* How to complete this task:
Restate word for word the part of the material that runs from the line containing "Raion Power Replacement" through its final line, inclusive, minus the pictures.

--- Dataset content Enclosed Below ---

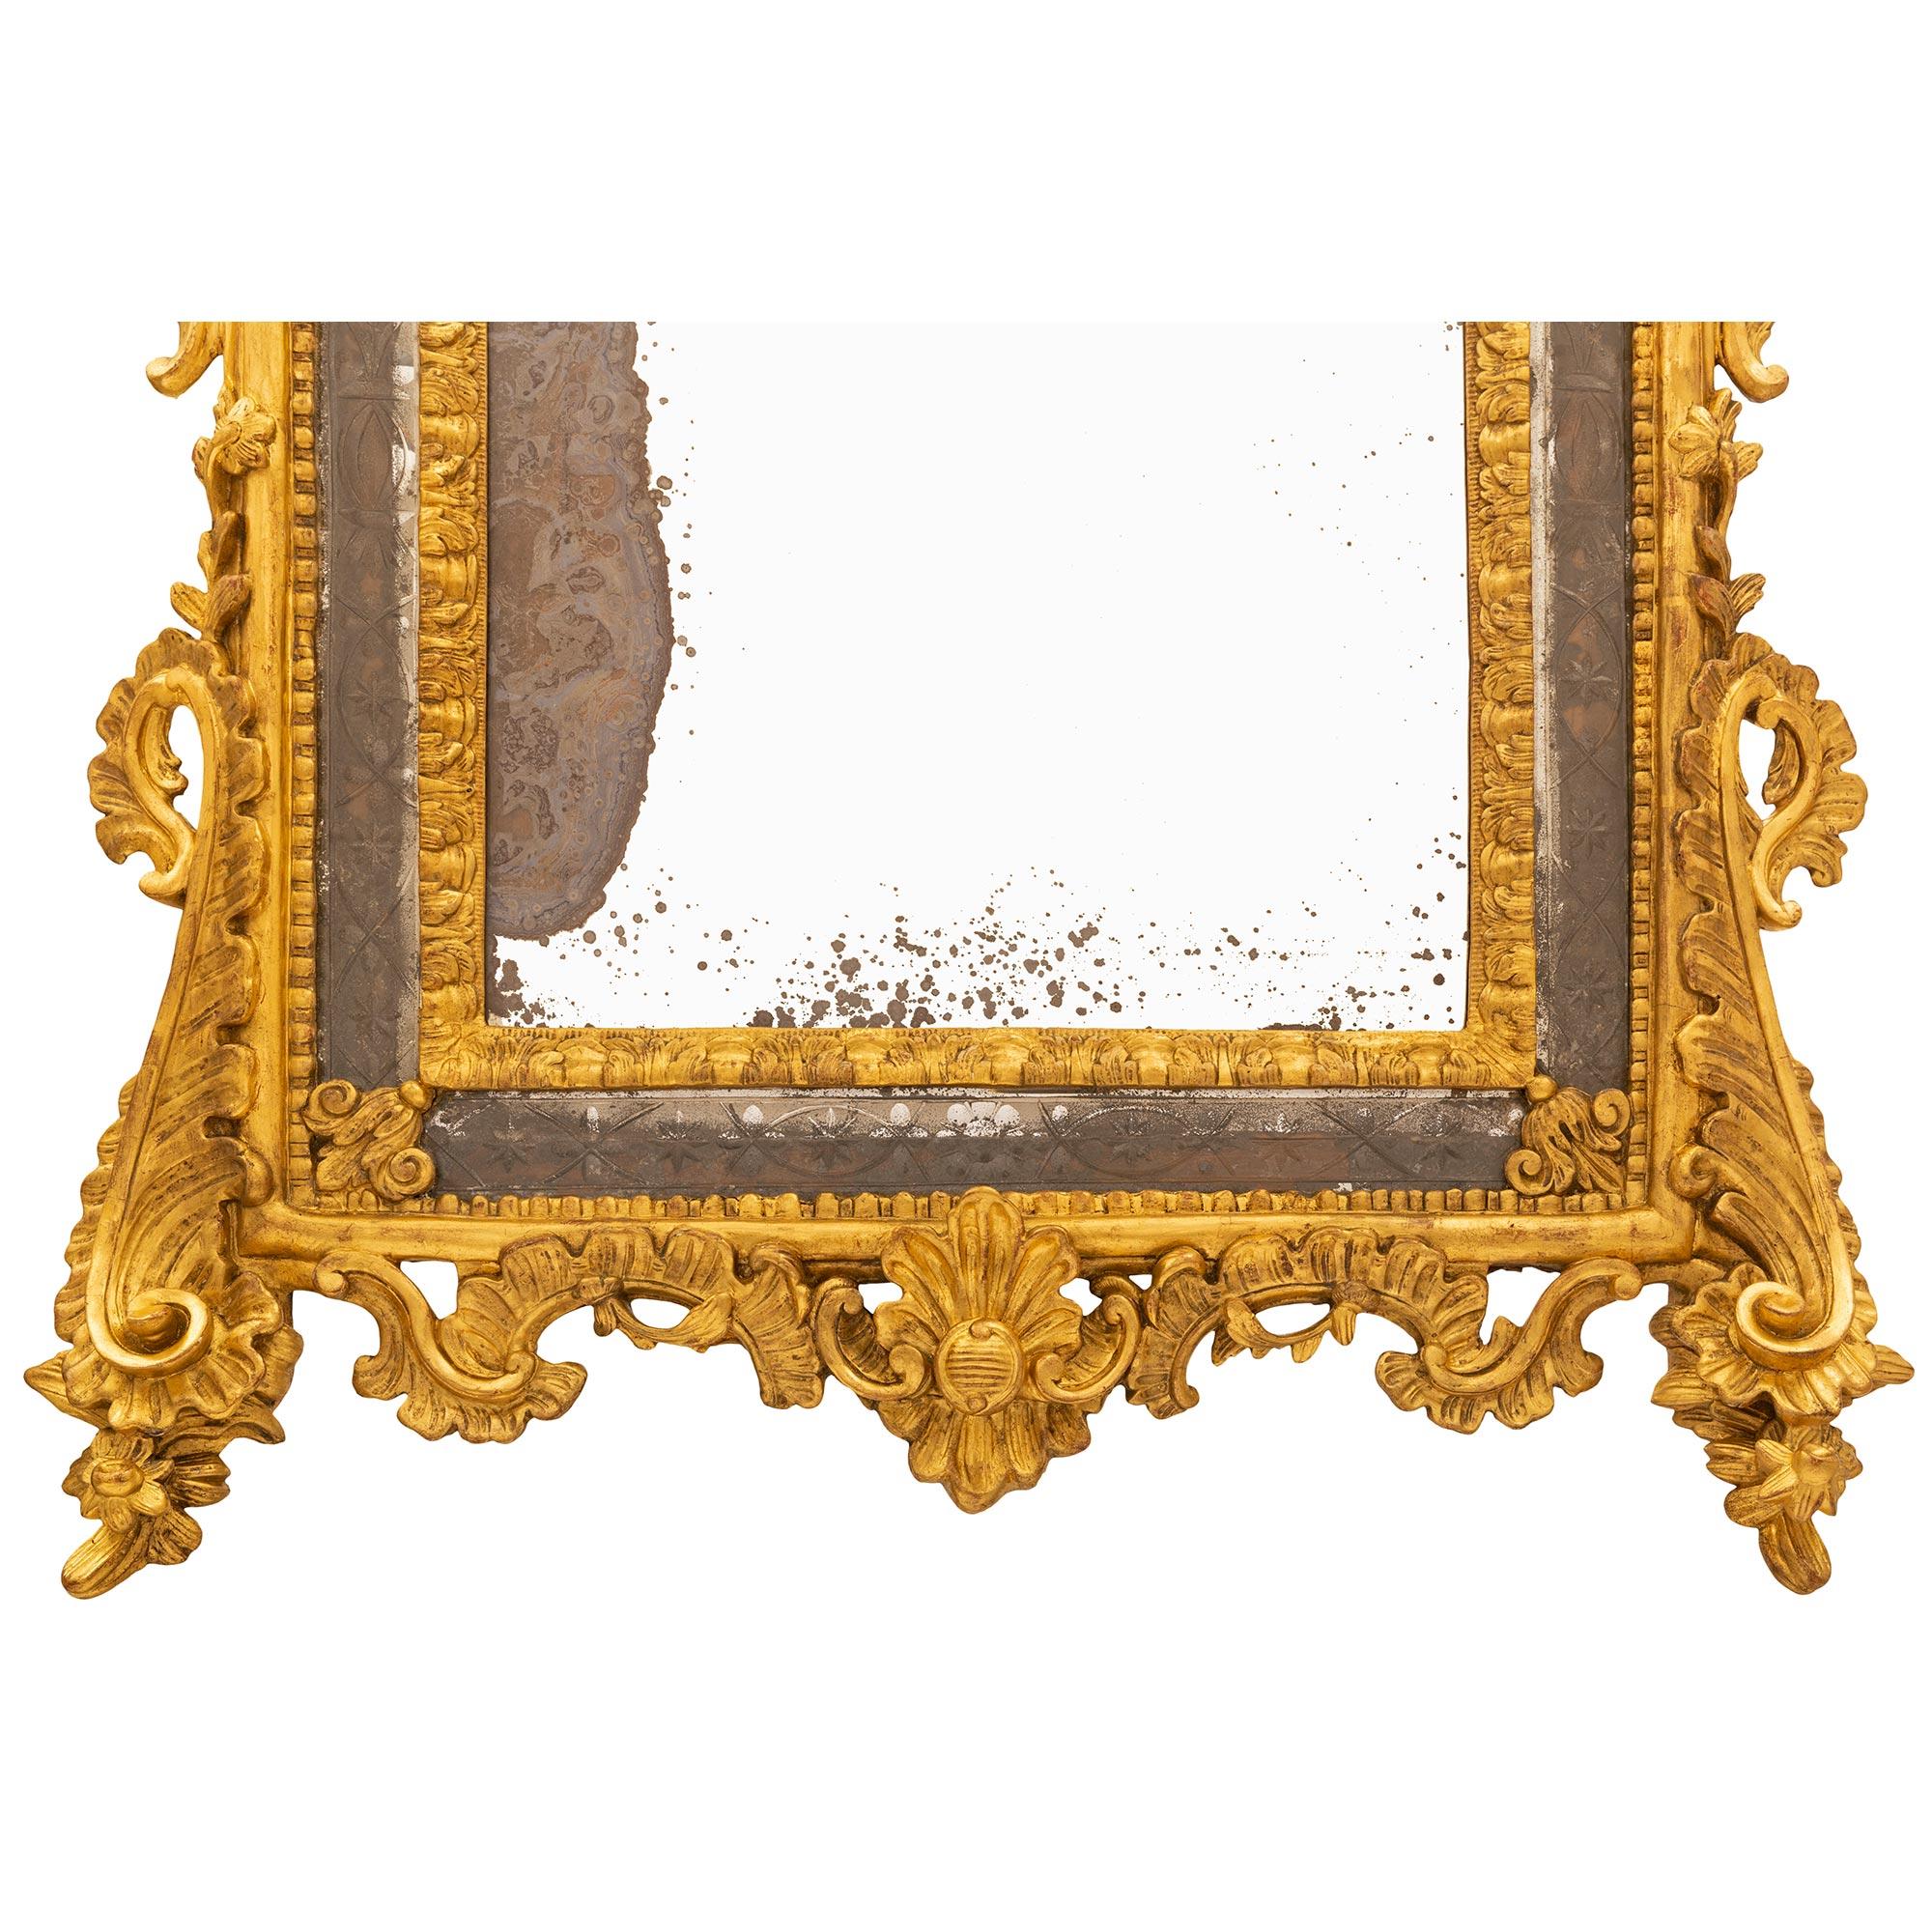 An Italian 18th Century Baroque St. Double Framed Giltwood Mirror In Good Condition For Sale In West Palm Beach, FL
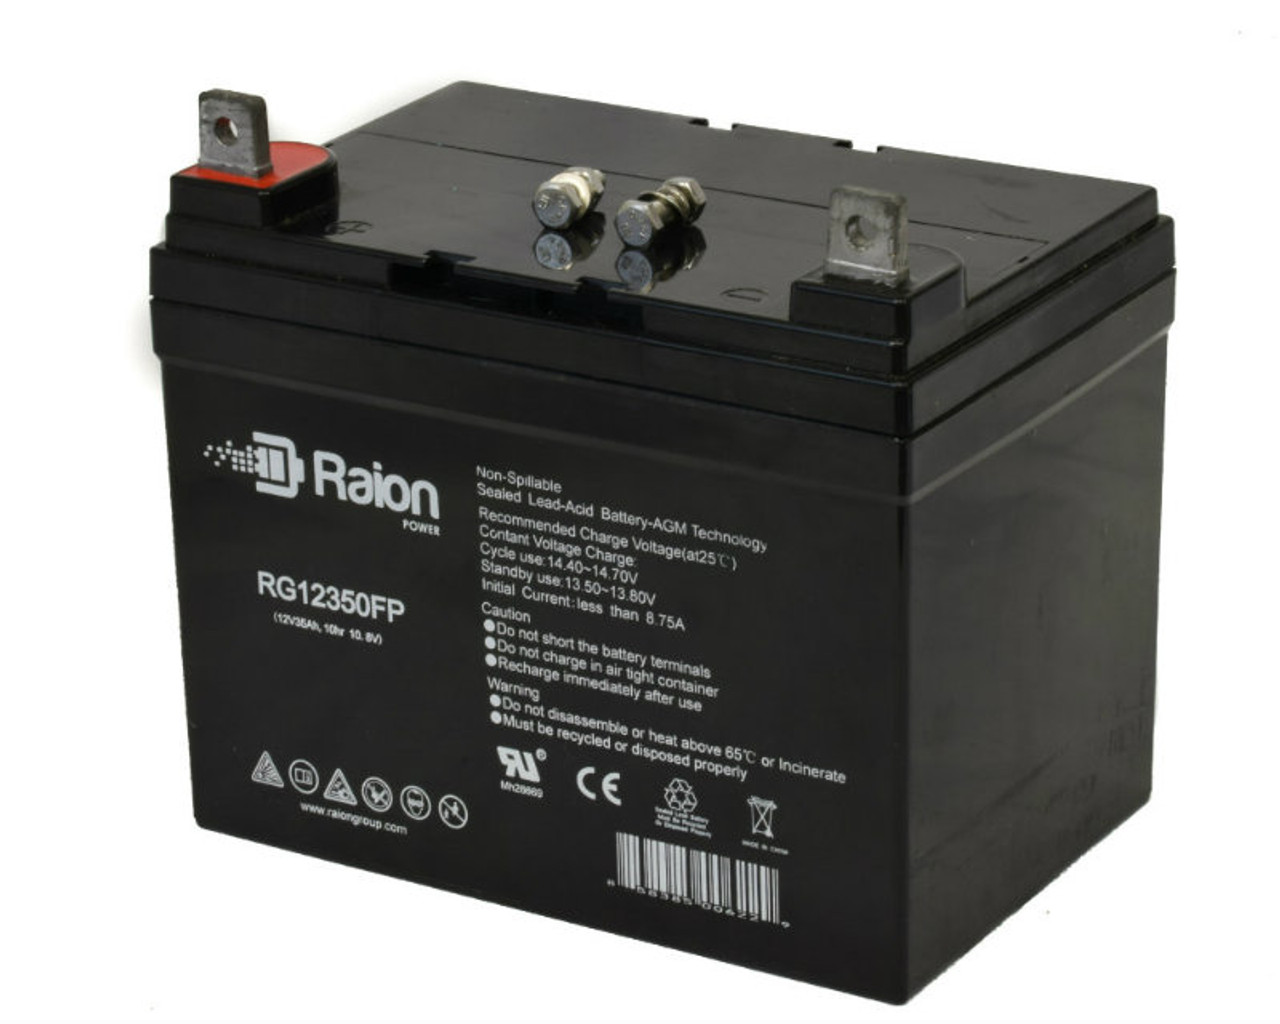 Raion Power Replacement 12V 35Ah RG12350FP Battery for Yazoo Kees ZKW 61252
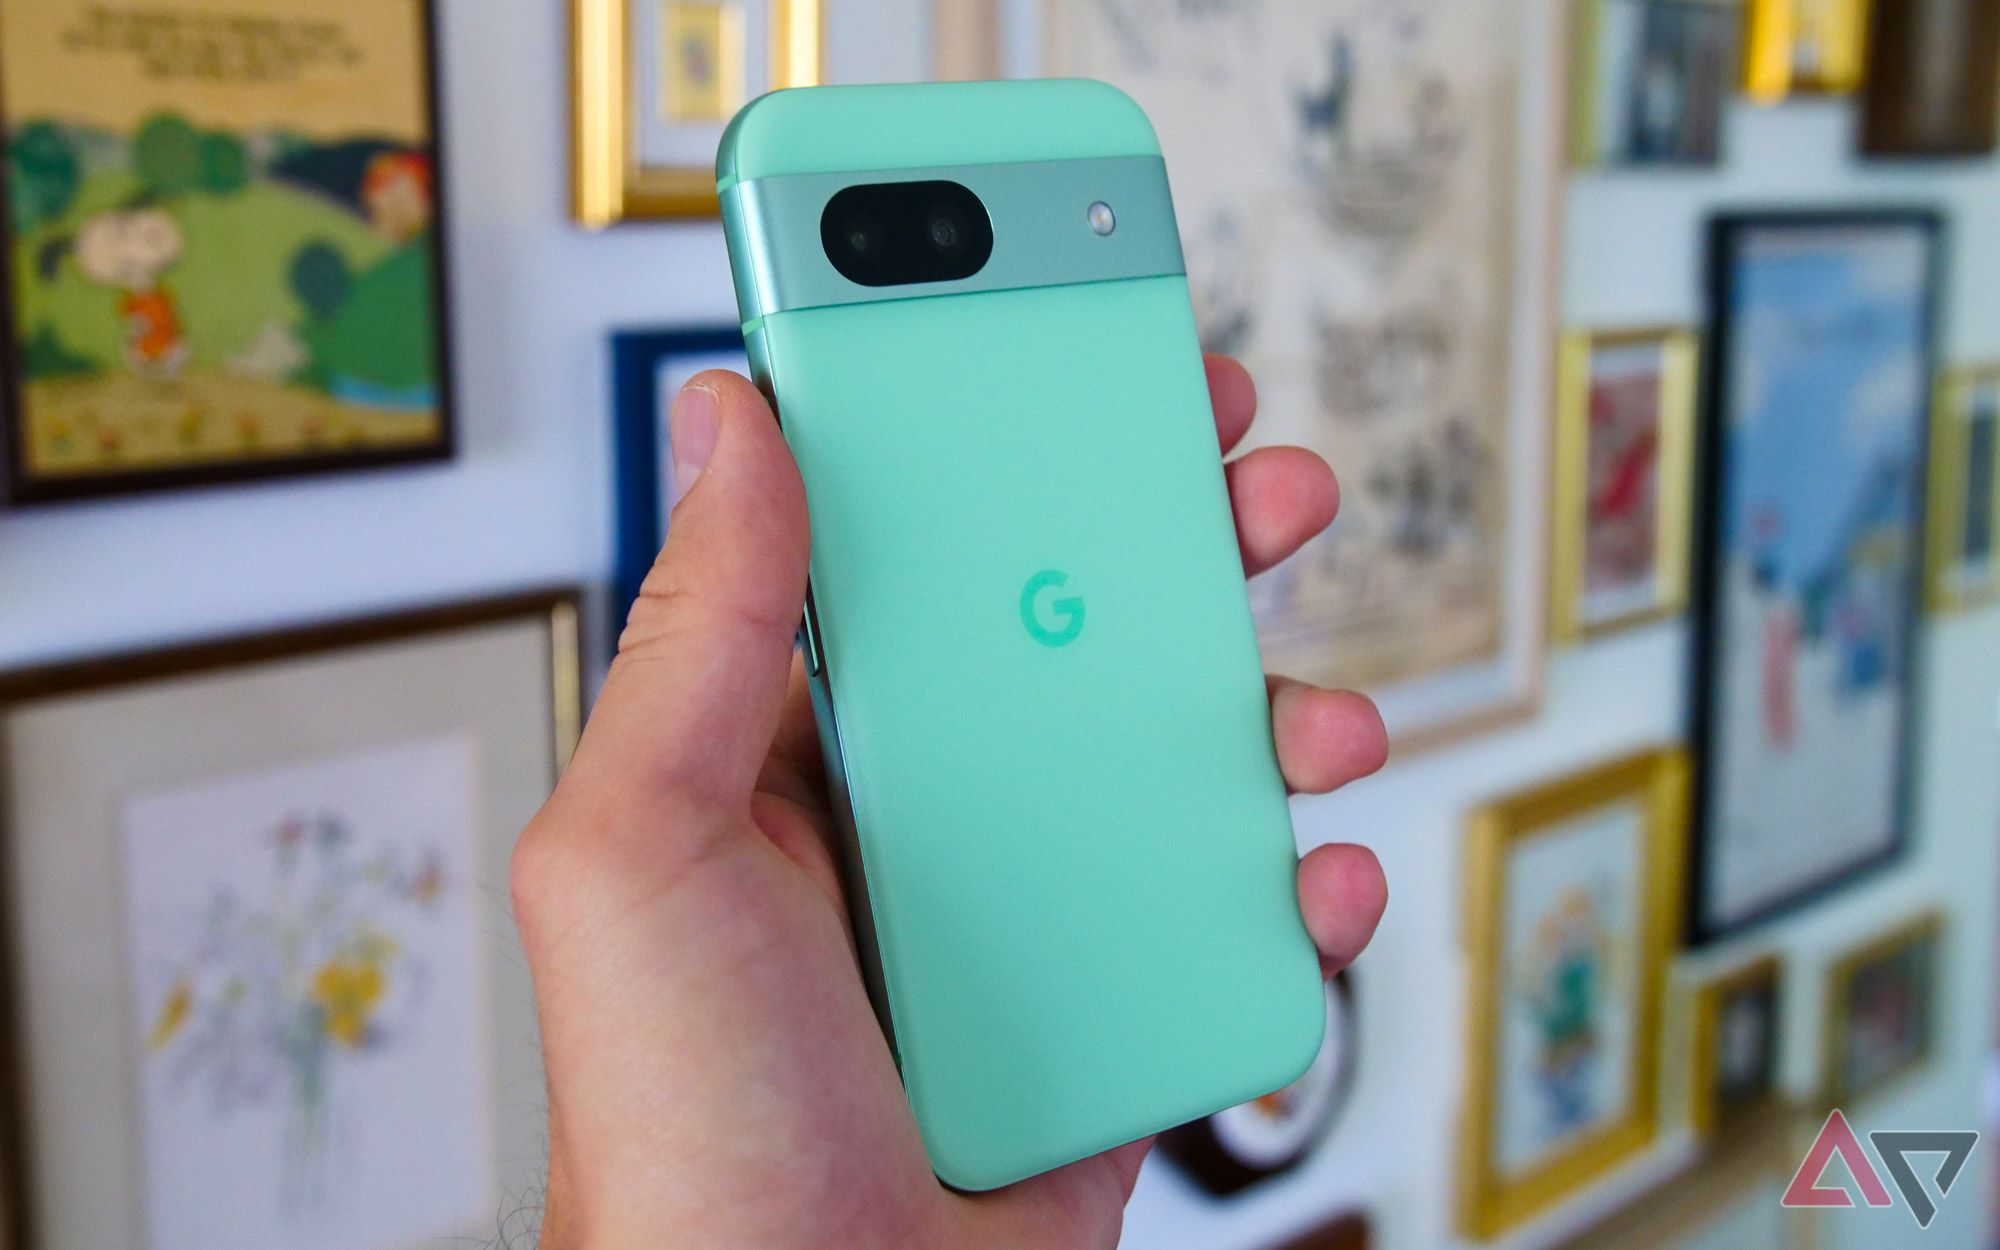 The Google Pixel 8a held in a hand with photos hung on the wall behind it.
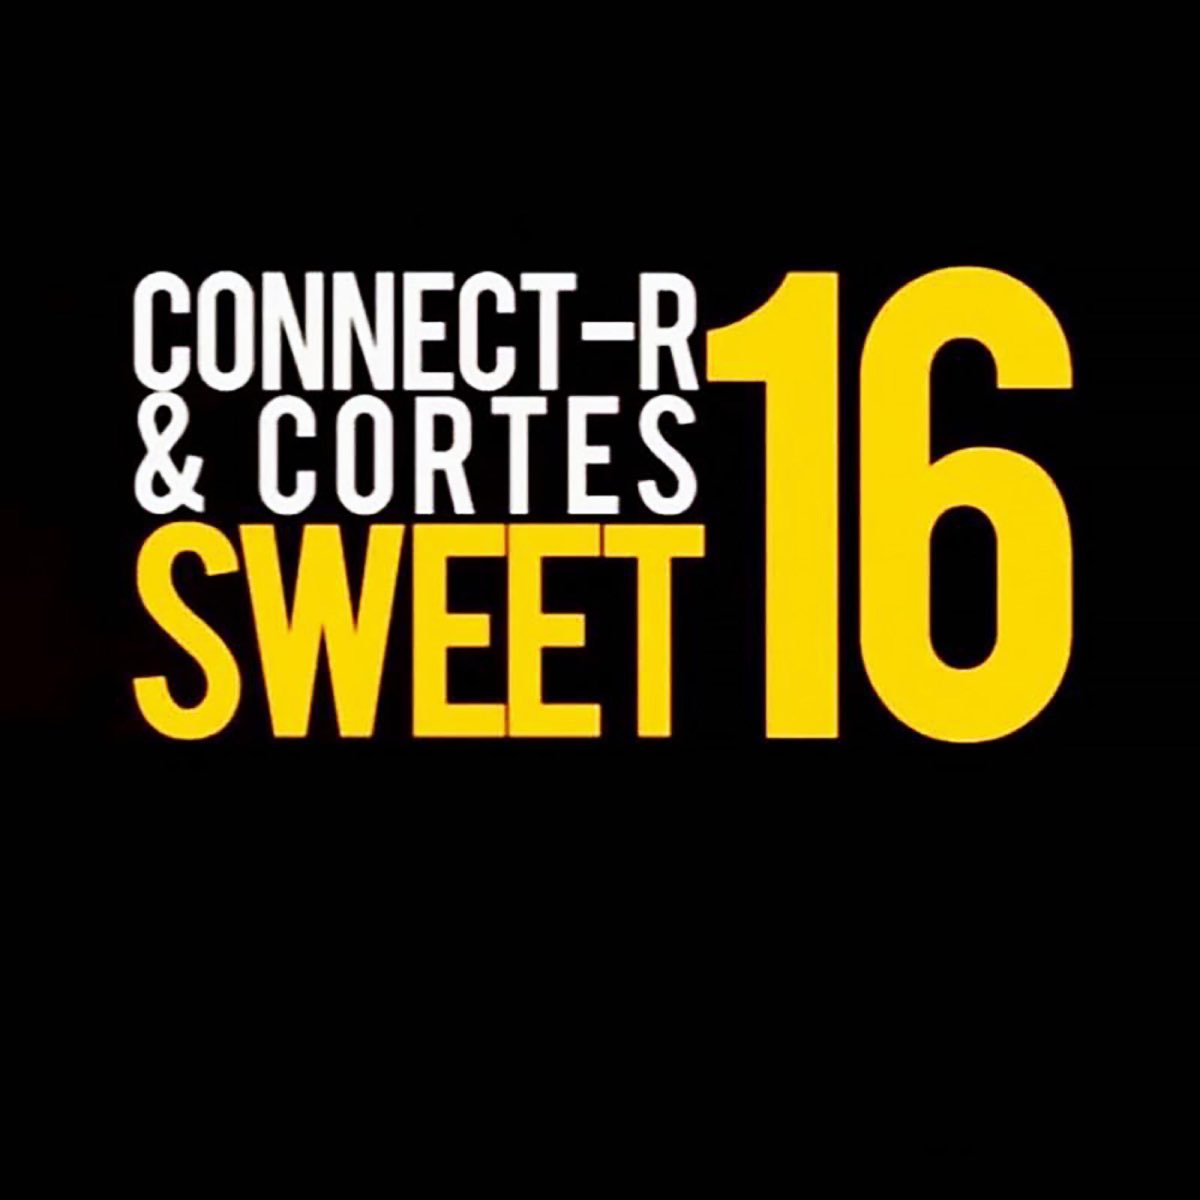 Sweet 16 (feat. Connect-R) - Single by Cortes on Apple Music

--- End of Enclosed Dataset content ---

* Response to this task:
 Raion Power Replacement 12V 35Ah RG12350FP Battery for Yazoo Kees ZKW 61252
 The Google Pixel 8a held in a hand with photos hung on the wall behind it.
 Sweet 16 (feat. Connect-R) - Single by Cortes on Apple Music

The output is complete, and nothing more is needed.